Accordingly, he finds the solution: “I will receive only for the sake of the host. Since the host has a desire to give, and he wants me to receive, I first need to enter his desire, so that this will become the goal for me. If I enter his desire, feel how much he loves me, how much he wants me to receive, and how much he suffers from the fact that I don’t accept his refreshments; I can work with his desire and think only about how to fulfill him. While I am inside his desire, striving to fulfill only him, I discover an opportunity to do this in me – by accepting the food and receiving pleasure from it. After all, I can bring delight to the host only through the pleasure that I feel. I must receive delight immeasurably, since I feel how I can fulfill him through this.”

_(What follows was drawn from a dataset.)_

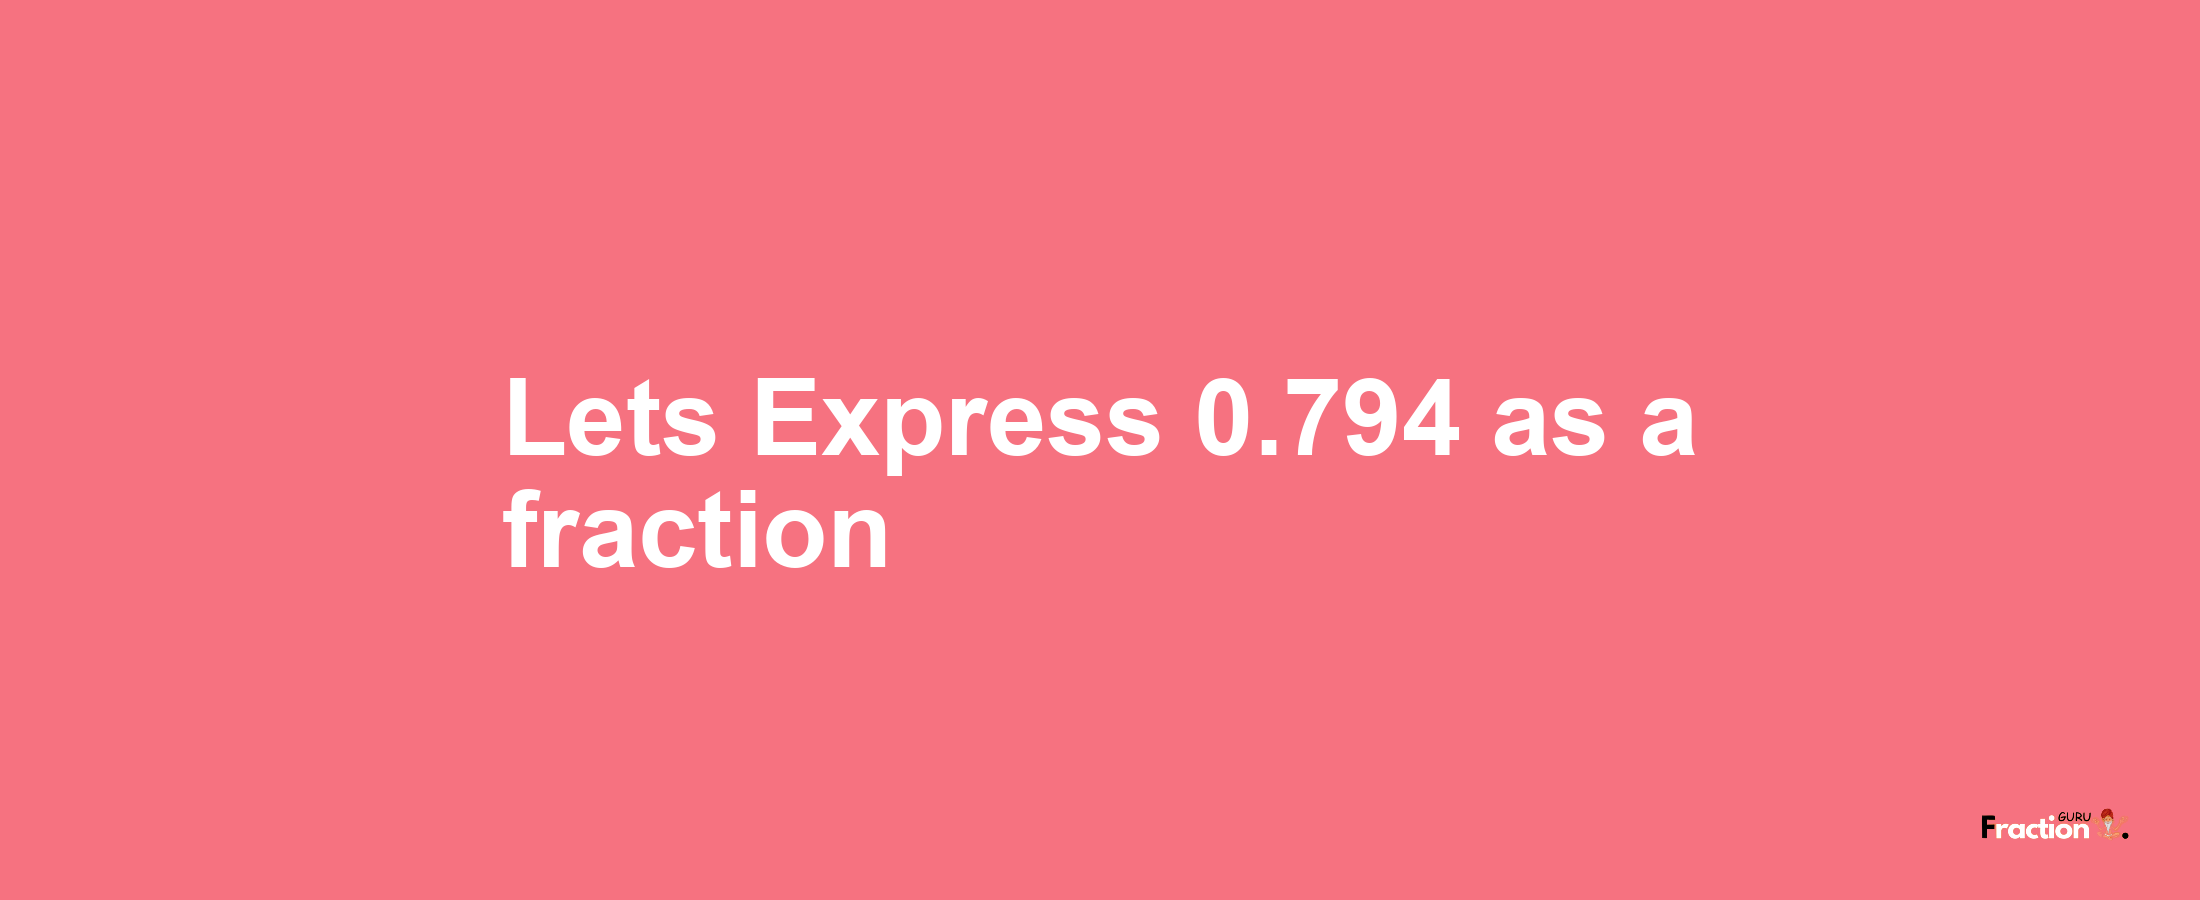 Lets Express 0.794 as afraction

In this manner everyone works with the desires of the other. The host thinks about how the guest will receive from him and experience pleasure. And the guest thinks about how he will receive and experience pleasure in order to fulfill the host’s desire to give him pleasure. Each uses his desires to fulfill the other’s desires. Meanwhile, each gains double, and even more than that; each comes out of himself, and in doing so, he feels infinite and boundless pleasure.

This patent seems very simple. However, if we begin to think about it, it appears difficult to achieve. Yet ideally if we understand it, we see this is our only opportunity to fulfill ourselves with infinite pleasure, since I use the desires of others outside of myself.

The Creator is an infinite desire, and I am merely a little point. However, if I begin to adjoin and connect to Him, I thereby acquire an infinite desire which I can fulfill. I begin to feel how I fulfill Him, and I feel how this desire is experiencing pleasure. It turns out that by treating Him with love, I receive infinite desires, an infinite life, eternity, and perfection. This happens if I treat the Creator as the goal which I must fulfill. Therefore, the science of Kabbalah is truly a science of reception (the word “Kabbalah” in Hebrew means “reception”), a science of how to receive and how to delight without limitation.